1.if 3 out of 24 marked scripts have mathematical error and 5 are to be randomly selected for audit,what is the probability that none of the marked scripts with mathematical errors will be chosen?

2.ten identical PCs are in the inventory of a dealer,one has a hidden defect.if 3 are to be shipped,and the computers are selected in such a way that each has the same probability of being shipped,find
I.the number of ways in which 3 of the 10 PCs can be selected for shipment.
II.the total number of ways in which 3 of the 10PCs can be selected so that the one with the hidden defect will be included for shipment.
III.the probability that the computer with the hidden defect will be shipped.

1. Number of marked scripts with mathematical errors=3.

2. Number of marked scripts without mathematical errors= 24-3 = 21
3. The probability of selecting 5 scripts without mathematical errors = 5/21 = 0.24.

To answer the first question, we need to calculate the probability that none of the marked scripts with mathematical errors will be chosen when 5 scripts are randomly selected for audit.

Step 1: Calculate the probability of selecting a script without a mathematical error.
Out of the 24 scripts, 3 have mathematical errors, so there are 24 - 3 = 21 scripts without mathematical errors.
The probability of selecting a script without a mathematical error is 21/24.

Step 2: Calculate the probability of selecting 5 scripts without any mathematical errors.
Since each selection is independent, we can multiply the probabilities together.
The probability of selecting 5 scripts without any mathematical errors is (21/24) * (21/24) * (21/24) * (21/24) * (21/24).

Therefore, the probability that none of the marked scripts with mathematical errors will be chosen is (21/24) * (21/24) * (21/24) * (21/24) * (21/24).

To answer the second question, we need to calculate the number of ways in which 3 of the 10 PCs can be selected for shipment, as well as the number of ways in which the one with the hidden defect will be included.

I. The number of ways in which 3 of the 10 PCs can be selected for shipment is given by the combination formula. Using the formula:

Number of ways = nCr = n! / (r!(n-r)!)

In this case, n = 10 (total number of PCs) and r = 3 (number of PCs to be selected for shipment). Plugging in the values:

Number of ways = 10! / (3!(10-3)!) = 10! / (3!7!)

Simplifying this expression will give you the total number of ways.

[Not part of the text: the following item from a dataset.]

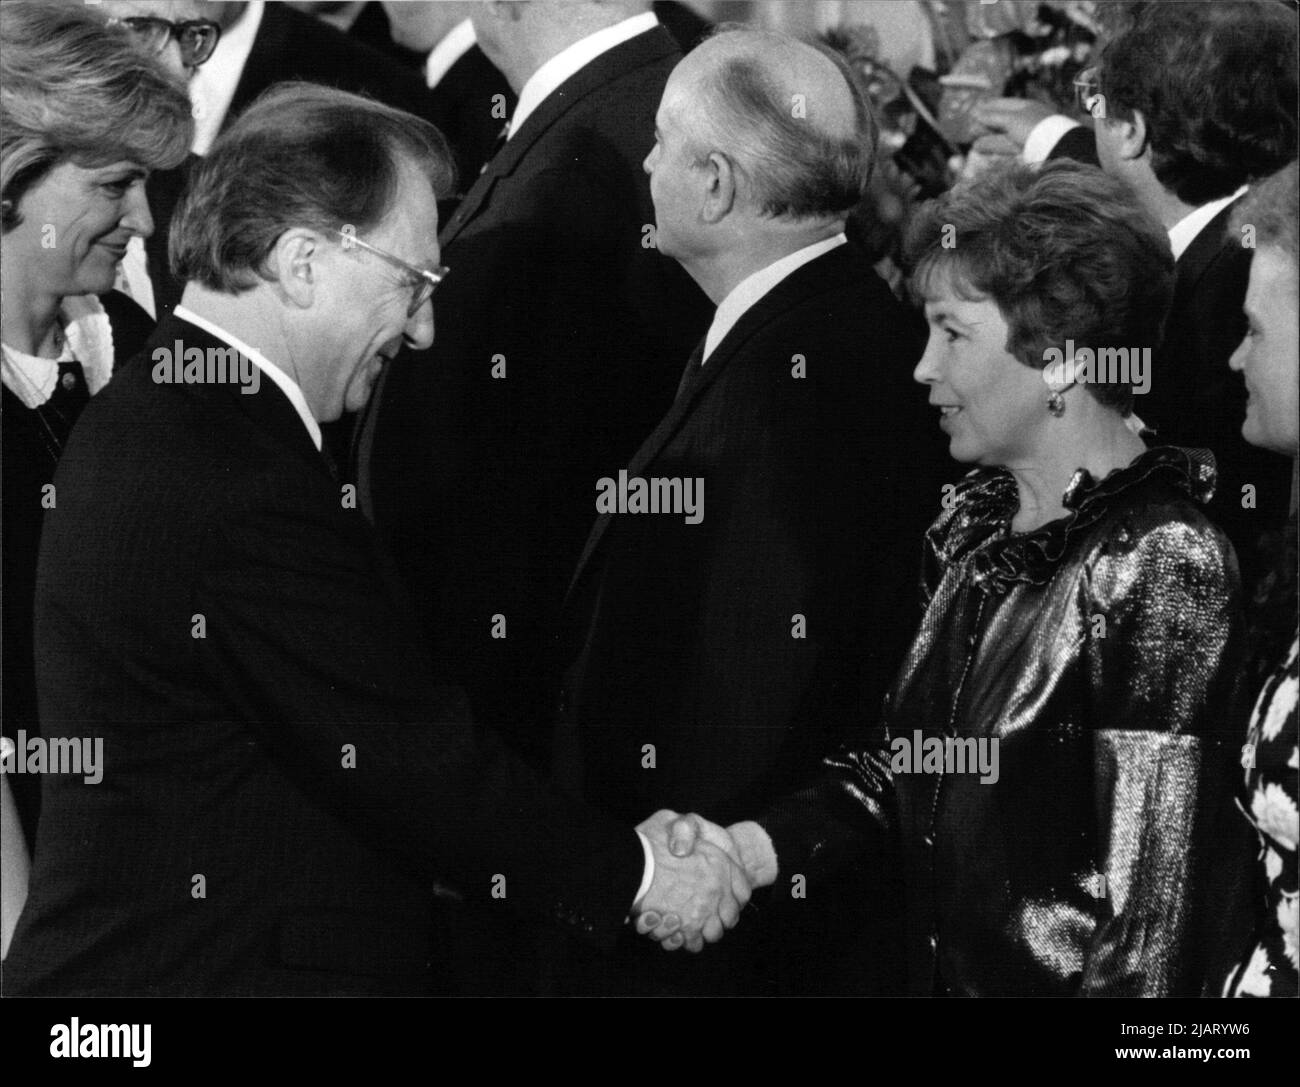 Das Foto zeigt den Ministerpräsidenten von Baden-Württemberg Lothar Späth bei der Begrüßung von Raissa Gorbatschowa in der Godesberger Redoute. In der Bildmitte, der Generalsekretär des Zentralkomitees der Kommunistischen Partei der Sowjetunion, Michail Gorbatschow. Stock Photo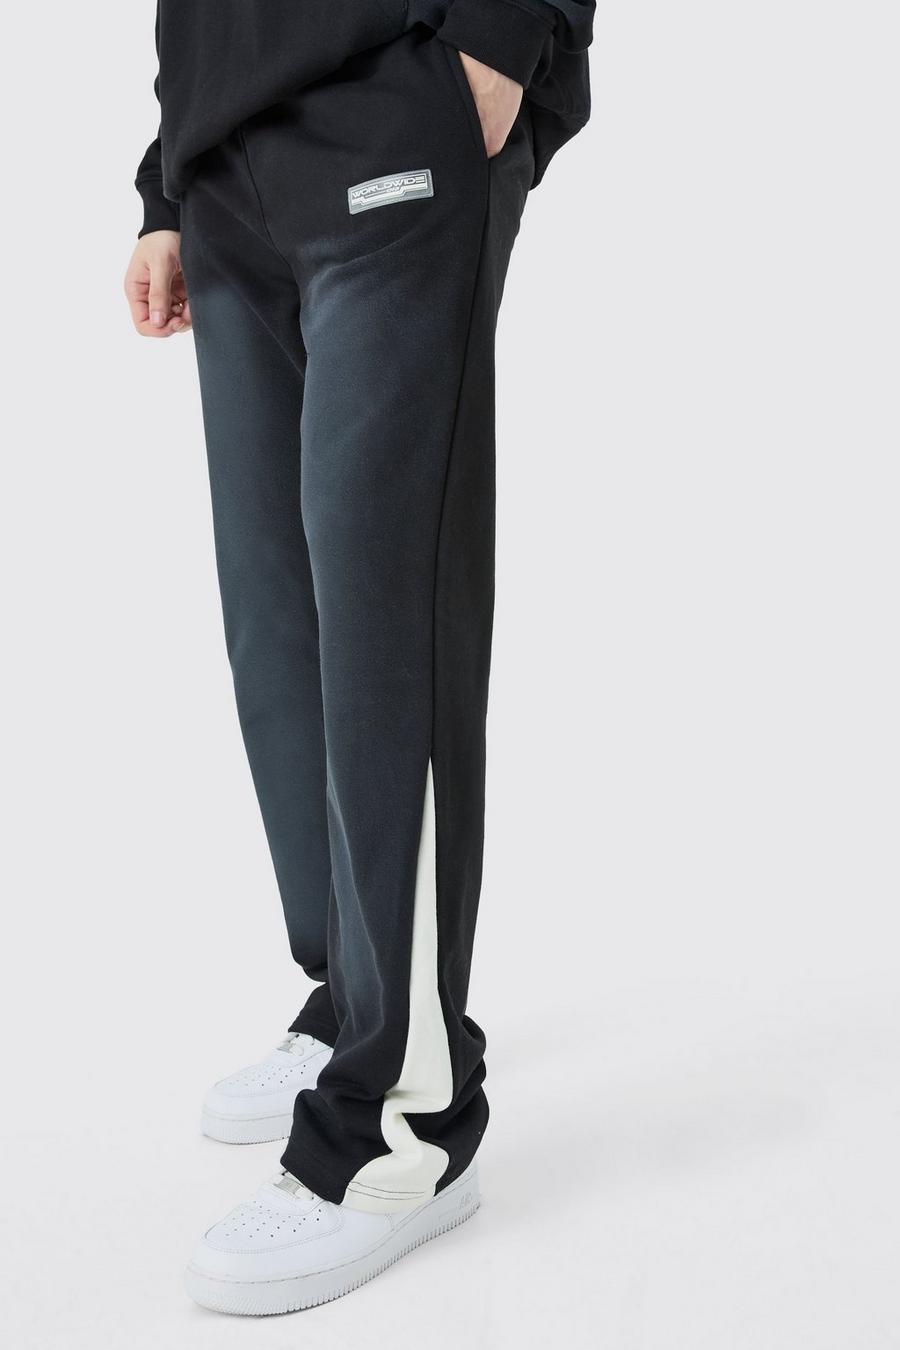 Pantalón deportivo Tall Regular de tela rizo desteñida con refuerzos, Black

II. To calculate the total number of ways in which 3 of the 10 PCs can be selected so that the one with the hidden defect will be included, you can consider the one with the hidden defect as already chosen. Therefore, you need to select 2 PCs from the remaining 9. Using the combination formula again:

Number of ways = 9! / (2!(9-2)!).

III. Finally, to find the probability that the computer with the hidden defect will be shipped, you divide the number of ways in which it is included (calculated in part II) by the total number of ways (calculated in part I).

Probability = (Number of ways with hidden defect included) / (Total number of ways)

Hope this helps! Let me know if you have any other questions.